Re: Two bugs - Mailing list pgadmin-hackers

From Dave Page
Subject Re: Two bugs
Date
Msg-id 4614C300.1020508@postgresql.org
Whole thread Raw
In response to Two bugs  (Robins <tharakan@gmail.com>)
List pgadmin-hackers
Robins wrote:
> Hi all,
>
> Couldn't find these two bugs in the known bugs list so am posting here.
>
> Issue 1: When a view is changed (via SQL or any other source) and when
> one tries to 'View all' the View, the column headers are blank.
> Refreshing the 'Views' parent twice (one when this view disappears, and
> the second time when it reappears) solves the problem. Is it possible
> that (while the user clicks on 'View all') ... when pgadmin notices that
> a view has changed, it automatically refreshes the structure ?

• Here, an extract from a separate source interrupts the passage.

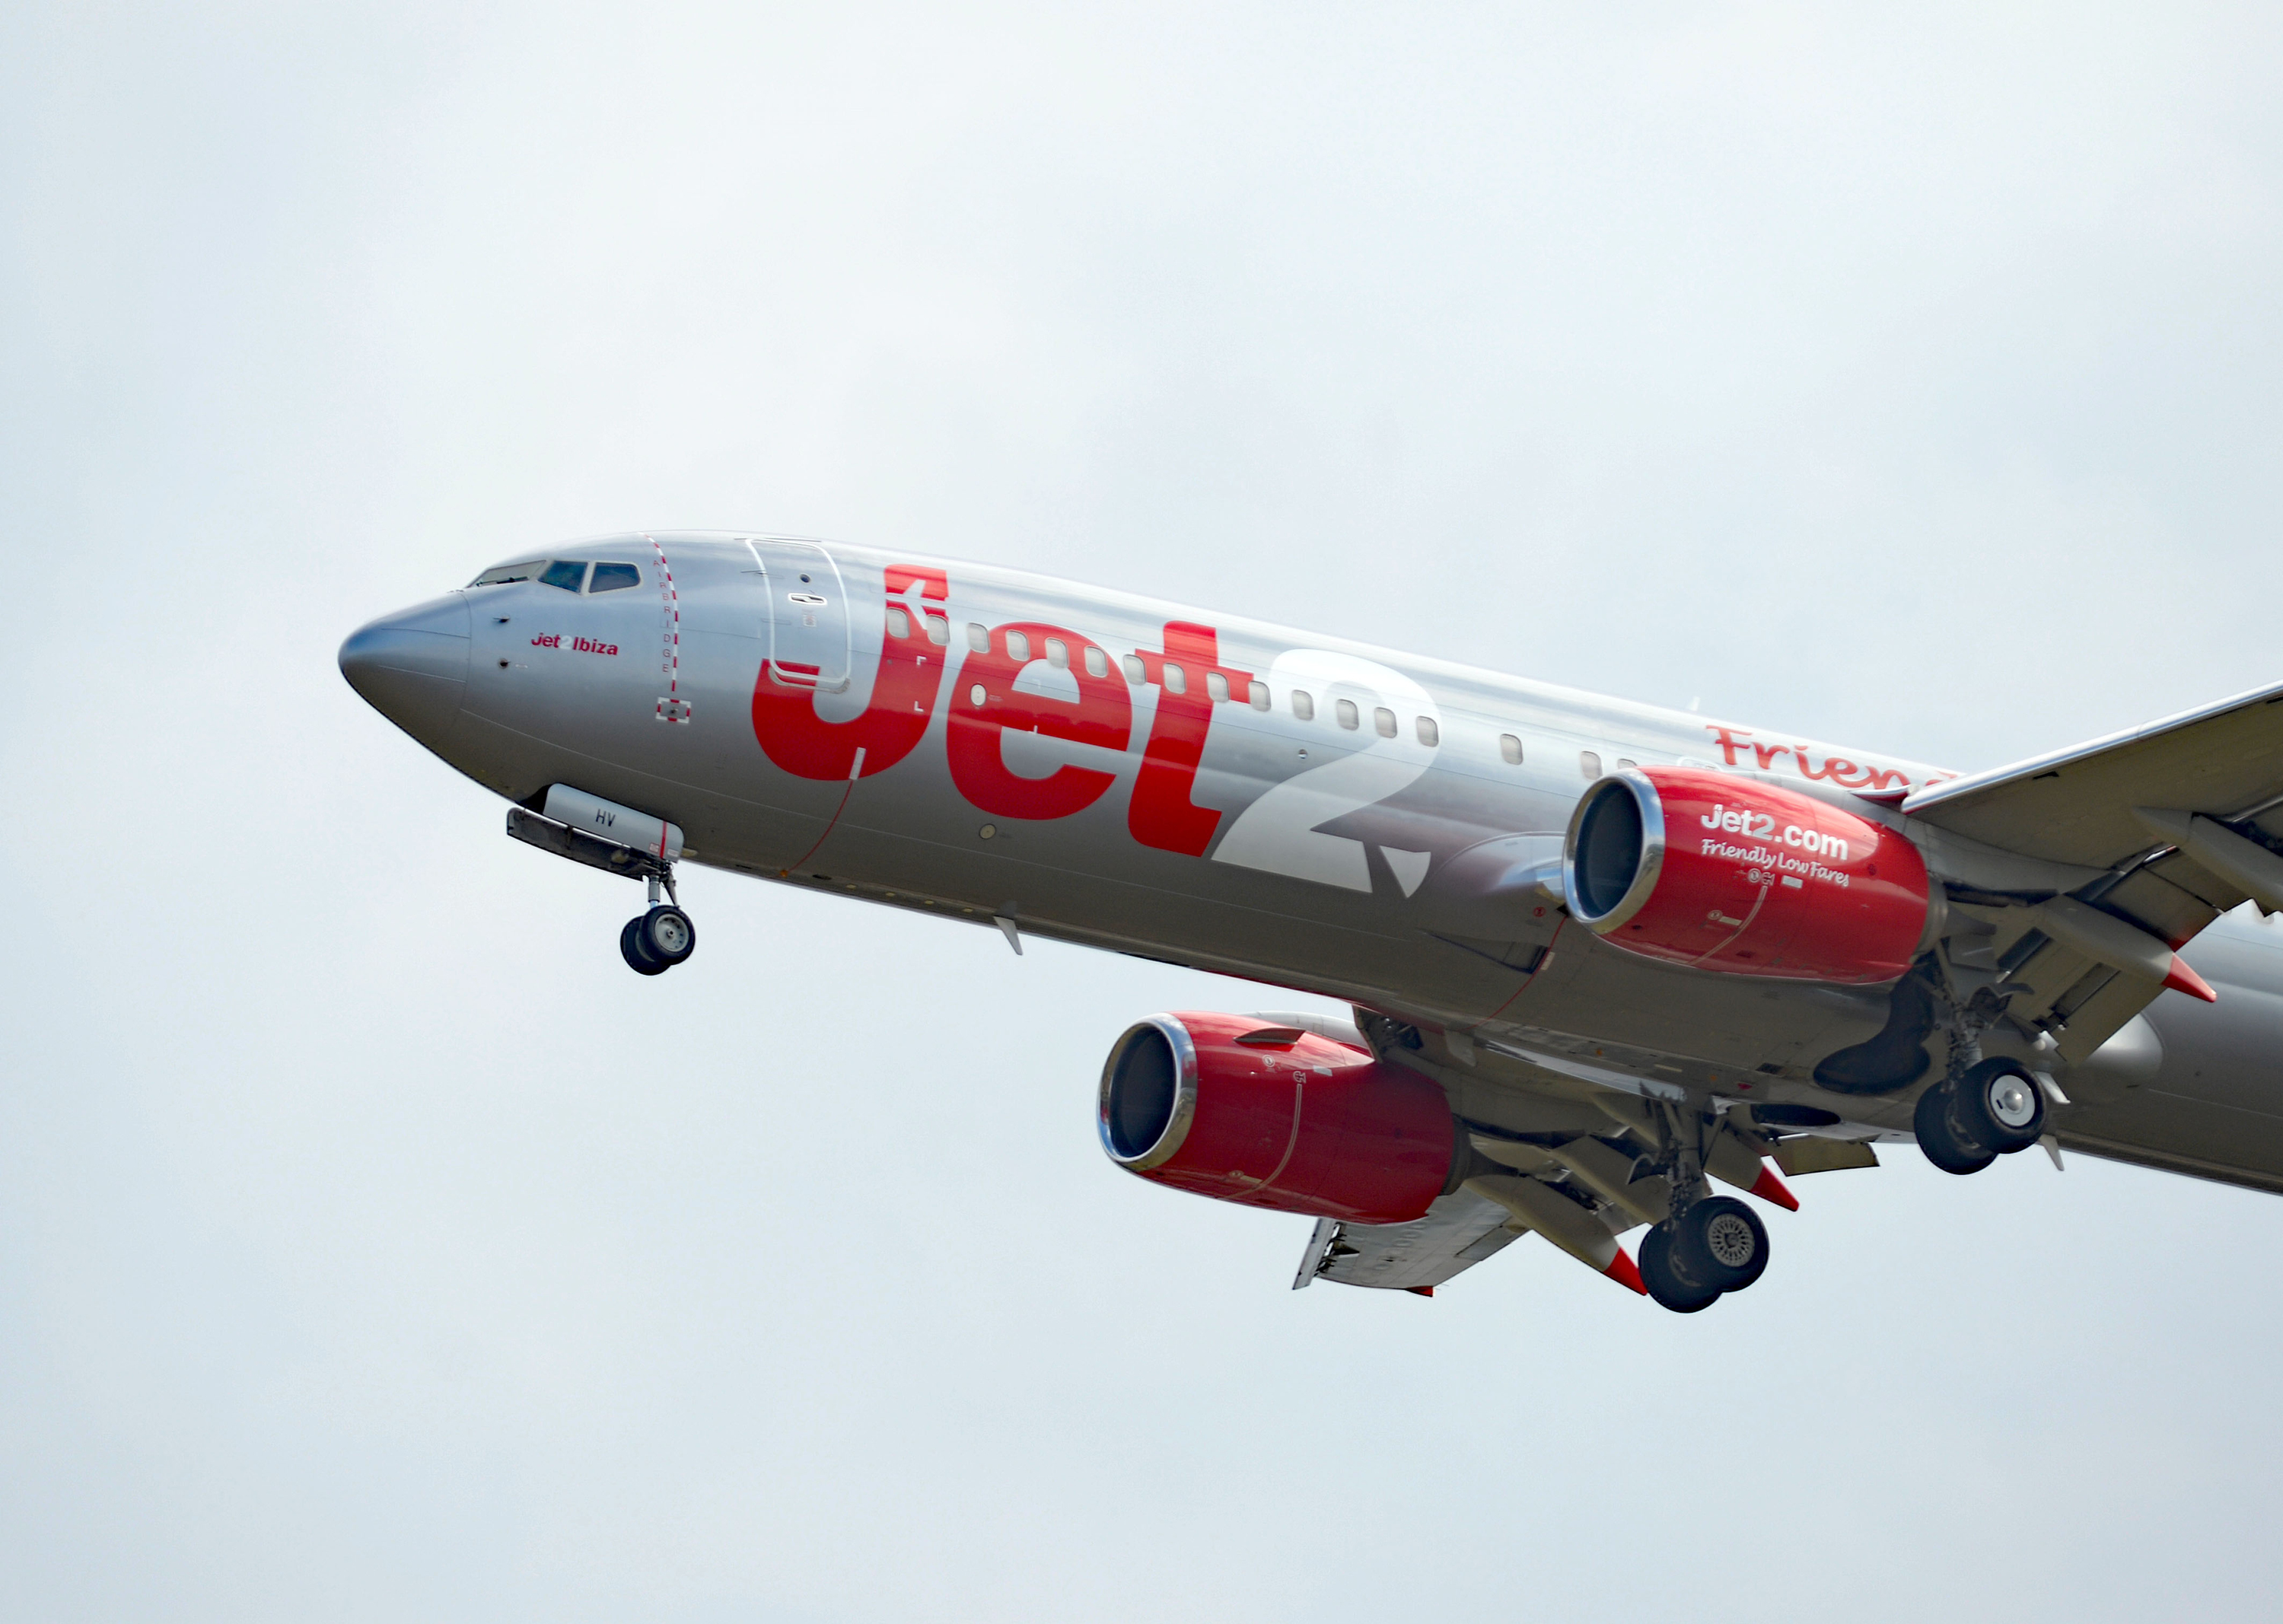 jet2 points to softening in holiday prices ahead of summer season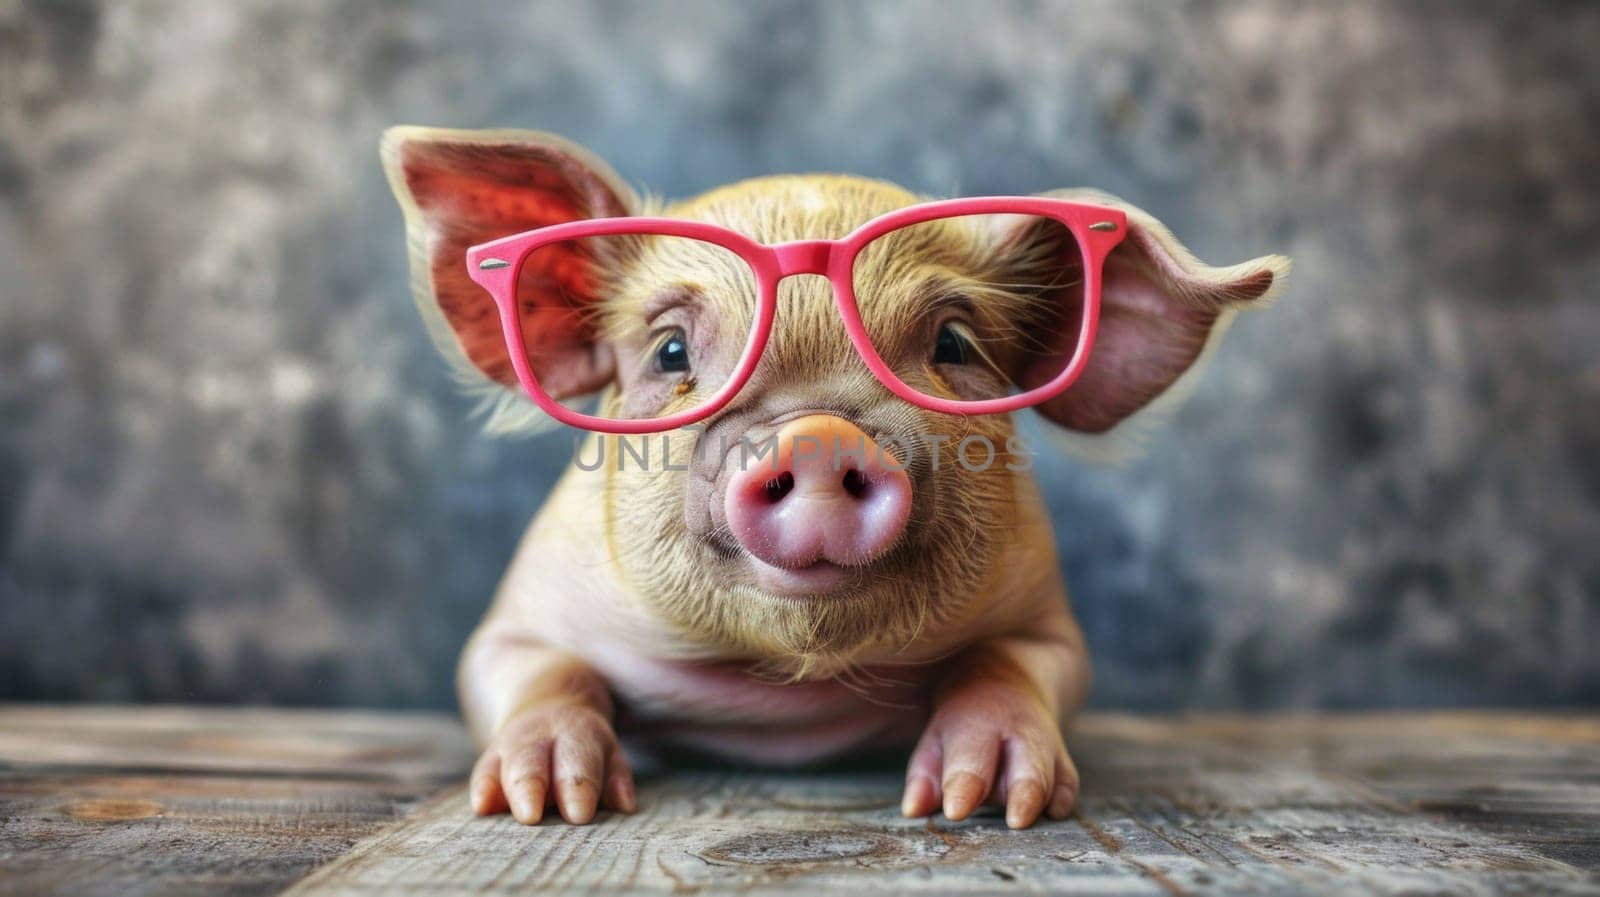 A pig wearing pink glasses sitting on a wooden table

The view can't change what it returns though, as you'll get an error
from PostgreSQL like:

-- Executing query:
CREATE OR REPLACE VIEW bar_view AS
  SELECT 'a' AS cola, 'b' AS cola

ERROR: cannot change name of view column "col1"
SQL state: 42P16

The only way to do what you describe is to drop the view through SQL and
create a new one with the same name. That will always screw up pgAdmin
as it doesn't know you've done that unless you do it through the UI. The
only way round this would be to check for changes like this on every
action, but that would make pgAdmin unusable for users on slower network
connections as every time the tried to do anything (even select a
treeview node), one or more round trips to the server would be made.

The refresh twice thing is happening (I imagine) because you are
refreshing the view node itself, which vanishes because the original
view no longer exists. You then refresh the Views node which repopulates
all of the views under it, thus picking up the new one. In this
situation, just refresh the Views node.

> Issue 2: PgAdmin has repeatedly been oddly singling out a specific
> function ( lets name it a) in my database to be renamed into the last
> used function (lets name it b). That means, many times when PgAdmin
> crashes, and when I restart, instead of finding two functions.
> a(a_param1)
> b(b_param1, b_param2)
>
> Instead I find
>
> b(a_param1)
> b(b_param1, b_param2)
>
> (and of course function a is now disappeared). One perculiar thing is
> that although function b may vary depending on what i am working on
> while pgadmin crashes, function a is almost always the same !!

Well first off, pgAdmin should *not* be crashing so please describe what
you are doing when it does.

Secondly I honestly don't see any way in which pgAdmin would randomly
rename one of your functions - that would involve it generating and
executing an ALTER FUNCTION statement. Whilst I can imagine a bug that
causes a crash or odd error, I have a hard time believing there is one
that can randomly generate and execute perfectly valid SQL statements!

Are you sure you're not getting two dialogues mixed up? If not, please
describe exactly what you are doing.